Example of Initial Distribution

Suppose for now that the \(p_i\)’s are such that for any continuous f: \(\frac{1}{N}\sum _{i=1}^Nf(p_i)\rightarrow \int _Mf\mathrm {d}{\bar{V}}\).Footnote 2 Define the random variables \((X_i)_{i=1}^\infty \) to be independent Bernoulli random variables with \(\mathbb {E}X_i = \rho _0(p_i)\) for some continuous function \(\rho _0:M\rightarrow \mathbb {R}\) with \(0\le \rho _0\le 1\). Then we see as \(N\rightarrow \infty \):

$$\begin{aligned} \mathbb {E}\left[ \int \phi \mathrm {d}\mu _0^{N}\right]= & {} \mathbb {E}\left[ \frac{1}{N} \sum _{i=1}^N \phi (p_i)\eta _0^{N}(p_i)\right] = \frac{1}{N} \sum _{i=1}^N \phi (p_i)\mathbb {E}\eta _0^{N}(p_i)\\= & {} \frac{1}{N} \sum _{i=1}^N \phi (p_i)\rho _0(p_i)\rightarrow \int \phi \rho _0\mathrm {d}{\bar{V}}, \end{aligned}$$

since \(\phi \) and \(\rho _0\) are continuous.

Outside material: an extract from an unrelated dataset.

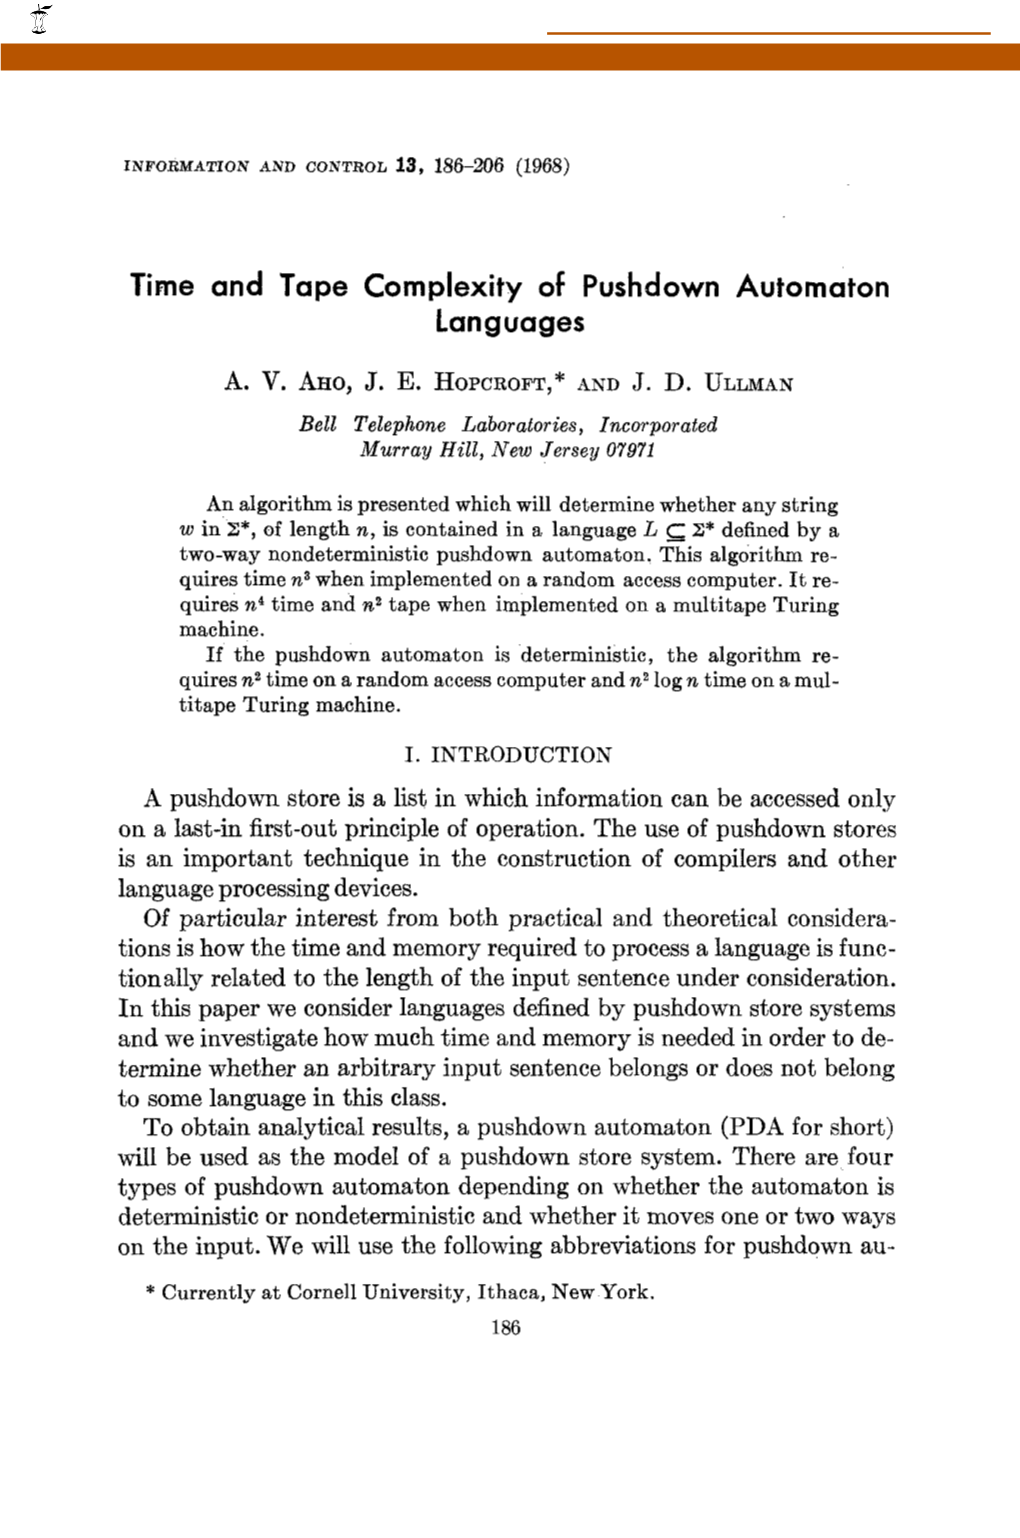 Time and Tape Complexity of Pushdown Automaton Languages

Further,

$$\begin{aligned} \mathrm {var}\left[ \int \phi \mathrm {d}\mu _0^{N}\right]= & {} \mathrm {var}\left[ \frac{1}{N} \sum _{i=1}^N \phi (p_i)\eta _0^{N}(p_i)\right] = \frac{1}{N^2} \sum _{i=1}^N \phi (p_i)\mathrm {var}(\eta _0^{N}(p_i)) \\= & {} \frac{1}{N^2} \sum _{i=1}^N \phi (p_i)\rho _0(p_i)(1-\rho _0(p_i))\rightarrow 0. \end{aligned}$$

Together this implies that (20) holds here for any continuous \(\phi \).

Main Result

After all these definitions, we can state the main result of this section.

Theorem 4.2

Let M be a complete, n-dimensional, connected Riemannian manifold and let \((G_N,W_N)_{N=1}^\infty \) be a sequence of uniformly approximating grids with corresponding weights. Let \(\eta ^N_t\) be particle configurations that behave according to the SEP on \((G_N,W_N)\) and let \(\mu ^N_t\) be its measure valued representation. Suppose that \(\mu _0^N\) has density profile \(\rho _0\mathrm {d}V\) for some measurable function \(\rho _0\). Then the trajectory \(t\mapsto \mu ^N_t\) converges in probability to the trajectory \(t\mapsto \rho _t\mathrm {d}V\) in the Skohorod topology, where \(t\mapsto \rho _t\) satisfies the heat equation on M with initial condition \(\rho _0\).

4.3 Convergence Result

Dynkin Martingale

The proof of the hydrodynamic limit follows the line of (Seppäläinen [17], Chap. 8) which is a canonical method that is also discussed in  Kipnis and Landim [13]. However, in our context, there are several new technical difficulties along the way which we have to tackle. Its core calculations are based on the following Dynkin martingale result. It is a standard result and it is also proved in Seppäläinen [17]. We will formulate it in terms of our situation on a compact Riemannian manifold.

Proposition 4.3

Let \(\{\eta _t,t\ge 0\}\) be a Feller process on a compact Riemannian manifold with generator L and semigroup \(S_t\). For any function f such that both f and \(f^2\) are in D(L), define

$$\begin{aligned} M_t=f(\eta _t)-f(\eta _0) - \int _0^t Lf(\eta _s)\mathrm {d}s. \end{aligned}$$

Then \(M_t\) is a martingale with respect to the filtration \(\mathscr {F}_t=\sigma \{\eta _r,r\le t\}\). Moreover, its quadratic variation \(\left<M,M\right>_t\) equals \(\int _0^t\gamma (s)\mathrm {d}s\), where \(\gamma (s)=(L(f^2)-2fLf)(\eta _s)\).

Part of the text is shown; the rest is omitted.